The pages depicted an ancient creation myth, a purple-hued god rising from primordial waters to bring life to a barren world where nothing ever grew, but which was now reborn as a fertile paradise.
‘Who is that?’ asked Ptolea.
‘It’s the water-bringer,’ said Coryn. ‘Fulgrim.’
EIGHTEEN
See it Done
Crone World
City of the Dead
Exacting attention to detail had served Perturabo well in his centuries of life. In war and at peace, he revelled in the minutiae of any given task, be it reducing an alien fortress to rubble or establishing the golden ratio within every portion of a theoretical design. Angron had berated him for wasting time on irrelevant details, while Guilliman had lauded him for his thoroughness.
Two very different characters, two very different opinions.
Both were correct in their own way, but neither fully appreciated his methodology or the bitter drive behind his exacting preferences. The need to be better, the urge to prove his worth beyond taking the metal to the stone.
Perturabo was a craftsman, and to be worthy of the appellation, every piece of work that bore his name must be judged for as long as it stood. His legacy was to leave no undertaking unfinished.
Every task was approached as though it might be his last, and this was no different.
His sanctum was draped in shadows, the grand designs and priceless artworks hung on the walls kept hidden from sight. The automatons were slumped and silent on their shelves, with only the rustle of stacked weapon schemata on curling wax paper to disturb the silence. Not even the distant throb of the Iron Blood’s engines intruded upon his in
trospective isolation.
Spread before him like components of the most intricate chronometer imaginable, were the pieces of the smashed Warhound automaton. Fulgrim’s head had broken it into fragments, and Perturabo was painstakingly repairing it. It had been an act of impulse to destroy the Warhound – one calculated to drive a point home, but impulsive nonetheless.

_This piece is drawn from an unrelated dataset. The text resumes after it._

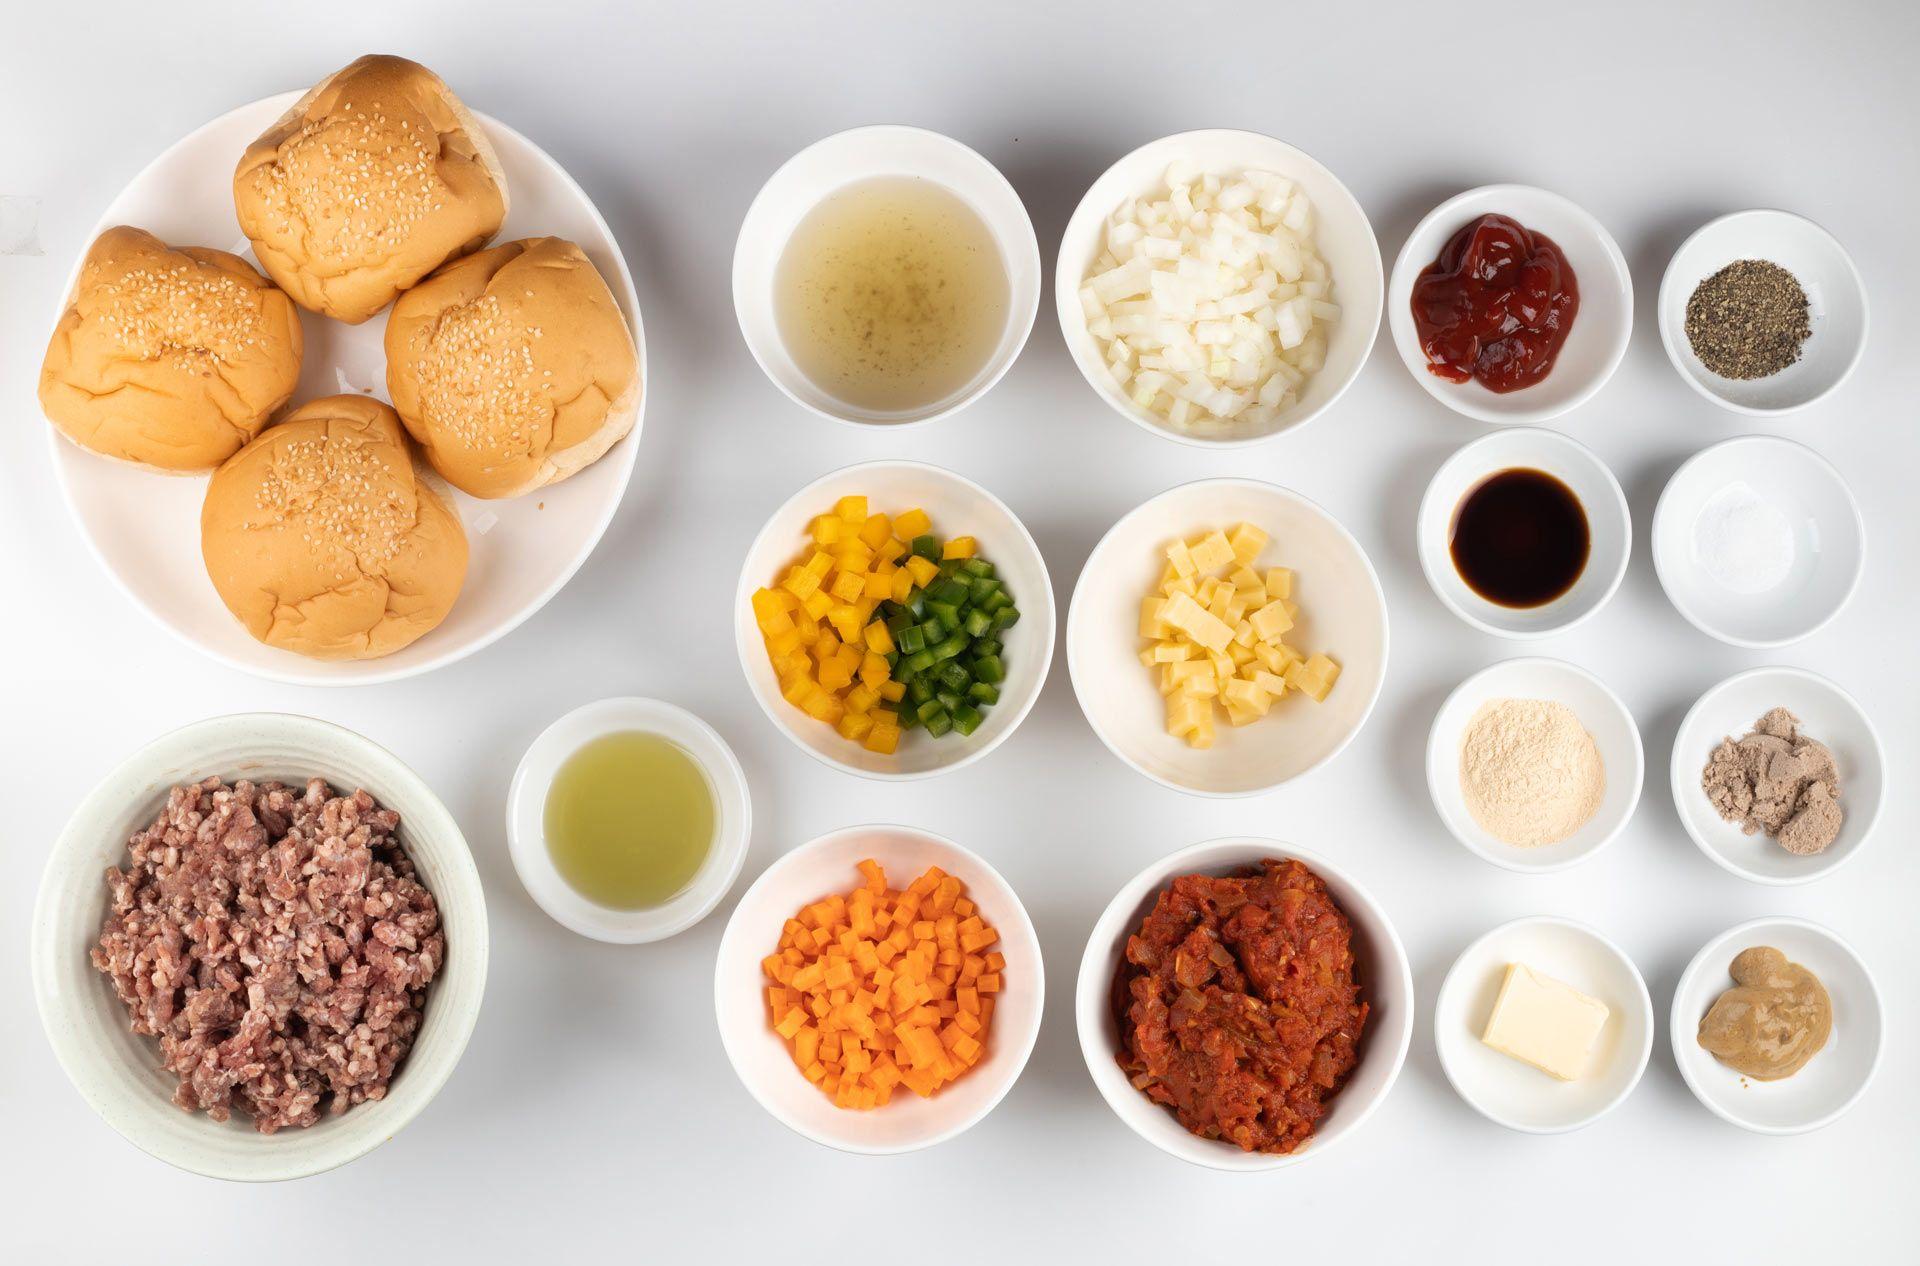 Sloppy Joe ingredients
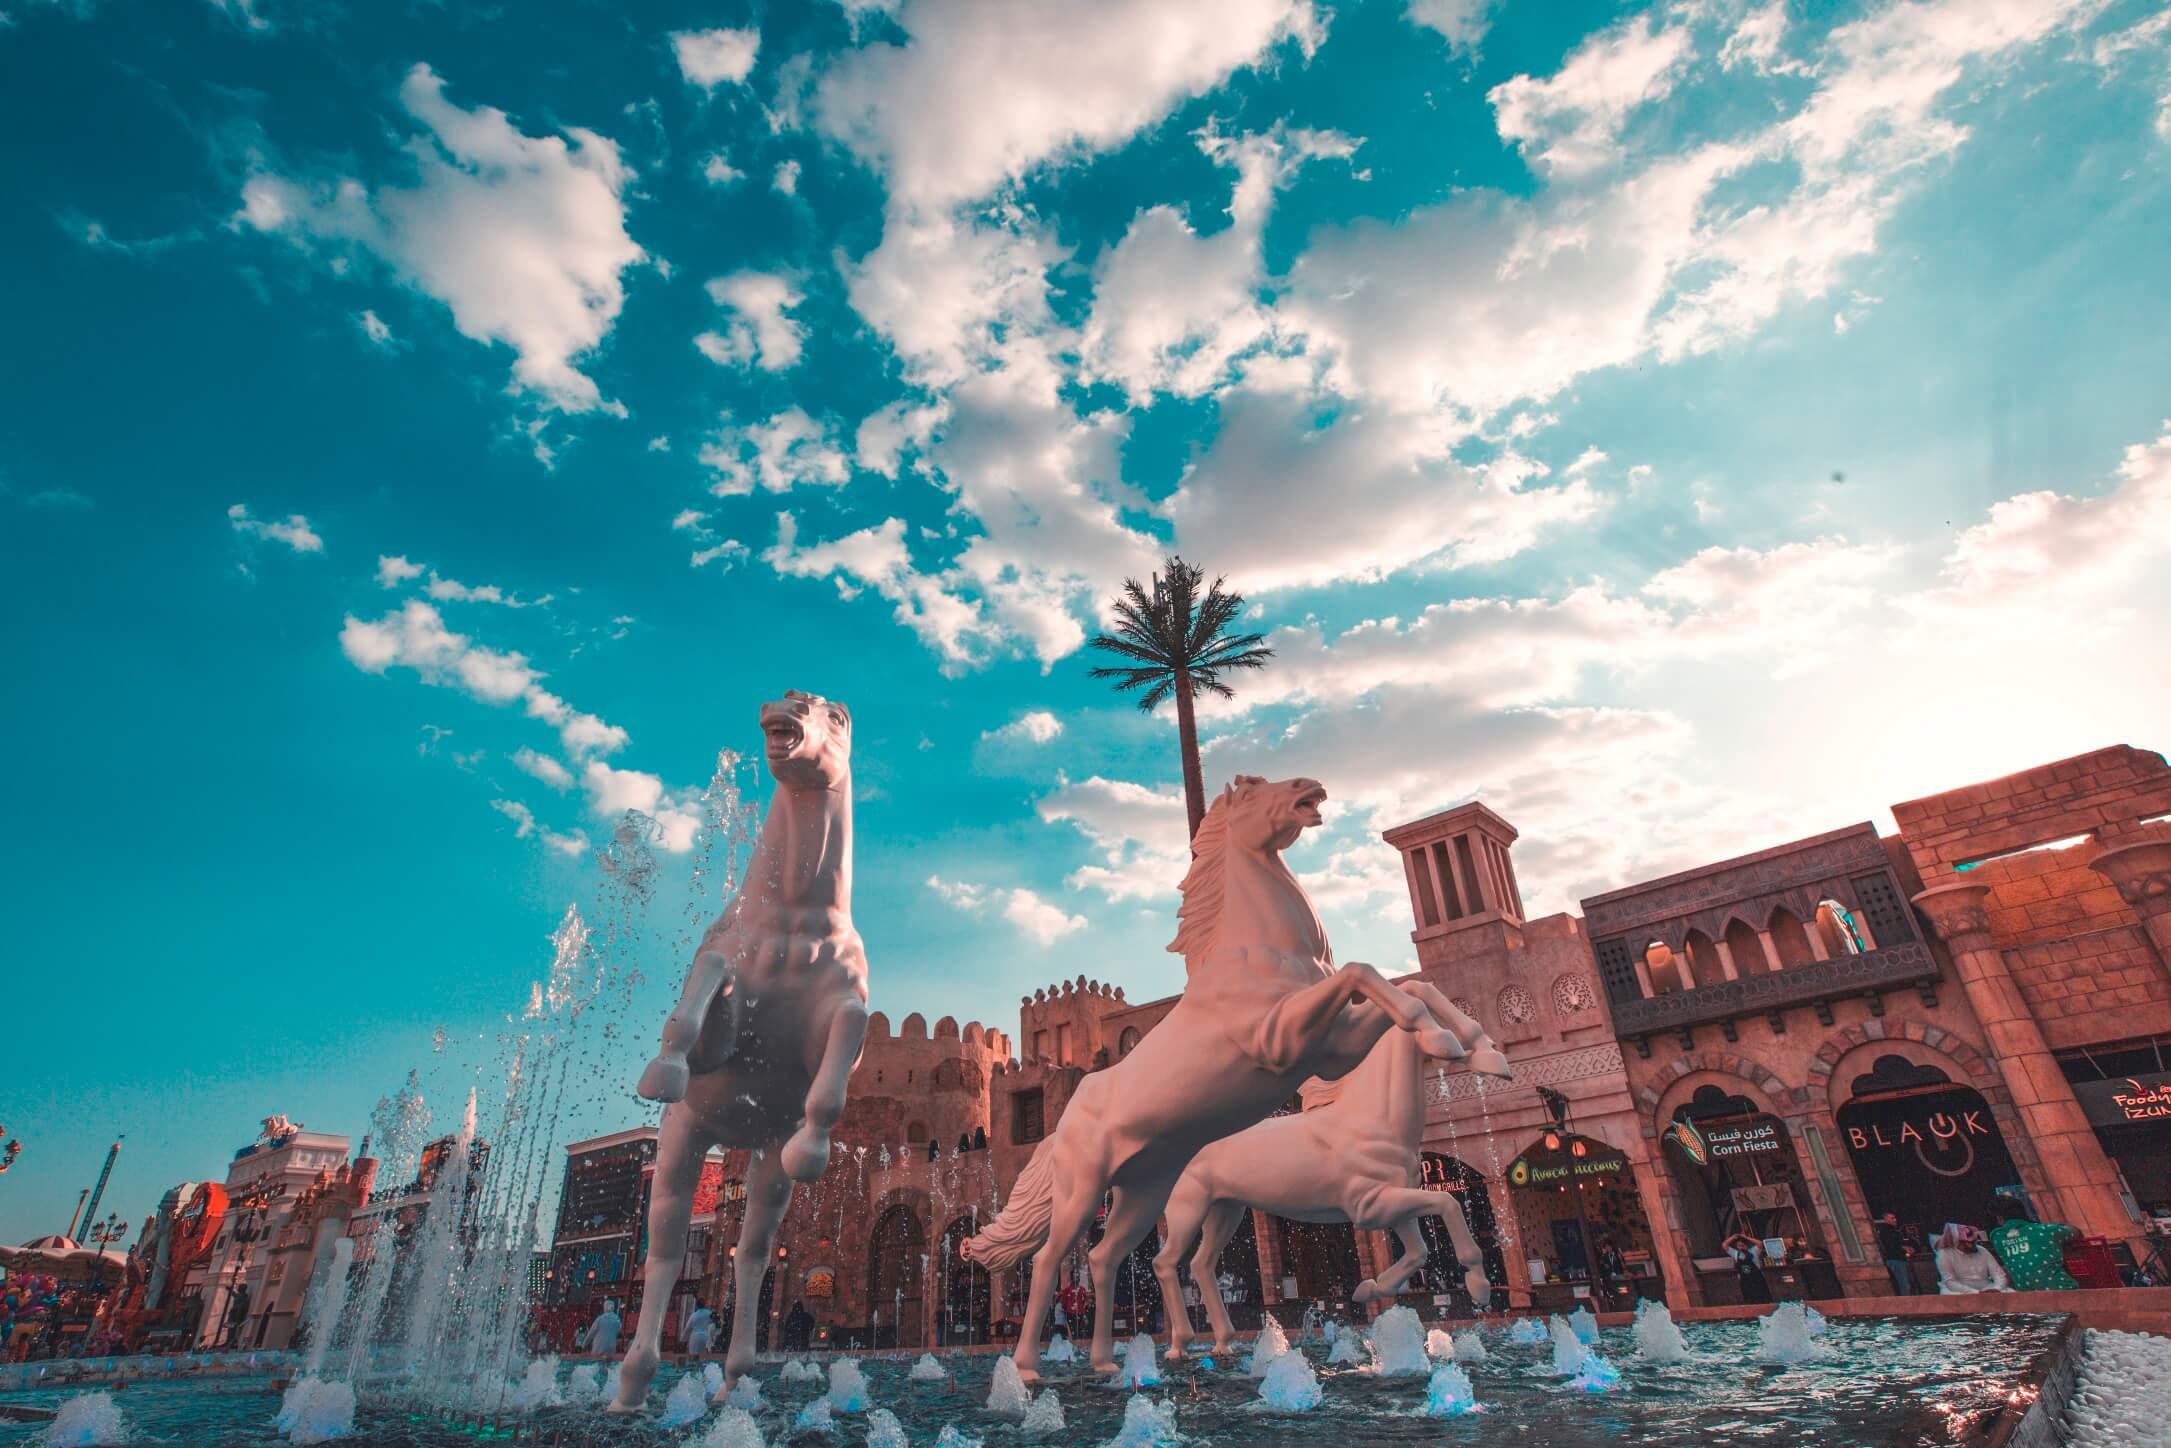 """القرية العالمية بين قائمة أفضل 10% من الوجهات العالمية المفضلة للمسافرين بحسب موقع """"تريب أدفايزر"""""""

Bent over his workbench, Perturabo gently teased out a bend in a cogwheel, using the microscopic tines of precision callipers to realign each miniature tooth. It would be the work of months to repair it fully, but Perturabo had always believed that once a task was begun, only a lesser man would fail to see it through to the end.
Ten days had passed since his assault on his brother.
Perturabo did not regret the act, but Forrix’s words had struck a chord within him. It was foolish to trust to the word of a narcissistic egomaniac. The Trident had urged him to lead the Iron Warriors fleet from the Eye of Terror – his newly chosen name already gaining currency – and return to the Warmaster’s side, but he had given Fulgrim his oath that he would see this to the end and that was that.
Perturabo knew his brother would betray him. He was resigned to its inevitability. Such individuals could never be relied upon to do anything other than further their own interests, and Fulgrim was no exception. The only question was when the betrayal would come.
Speculation was pointless. It would happen, and he would be ready for it.
Part of him looked forward to it.
At least then he would be freed from his obligation to Fulgrim.
Satisfied that the cogwheel was returned to its original form, Perturabo carefully placed it back where it had come from and slotted the tool into its compartment. He straightened and rubbed the heels of his palms over his face. His eyes were heavy and felt gritty, as though he had not rested or had slept badly.
Perturabo sat back and poured himself a heavy goblet of wine from a bronze ewer. Bitter and flavoured with almonds and gene-recovered spices from Terra, the beverage was one fermented by a son of the Crimson King. Thinner than the robust Olympian wines, but exciting and full of interesting contradictions.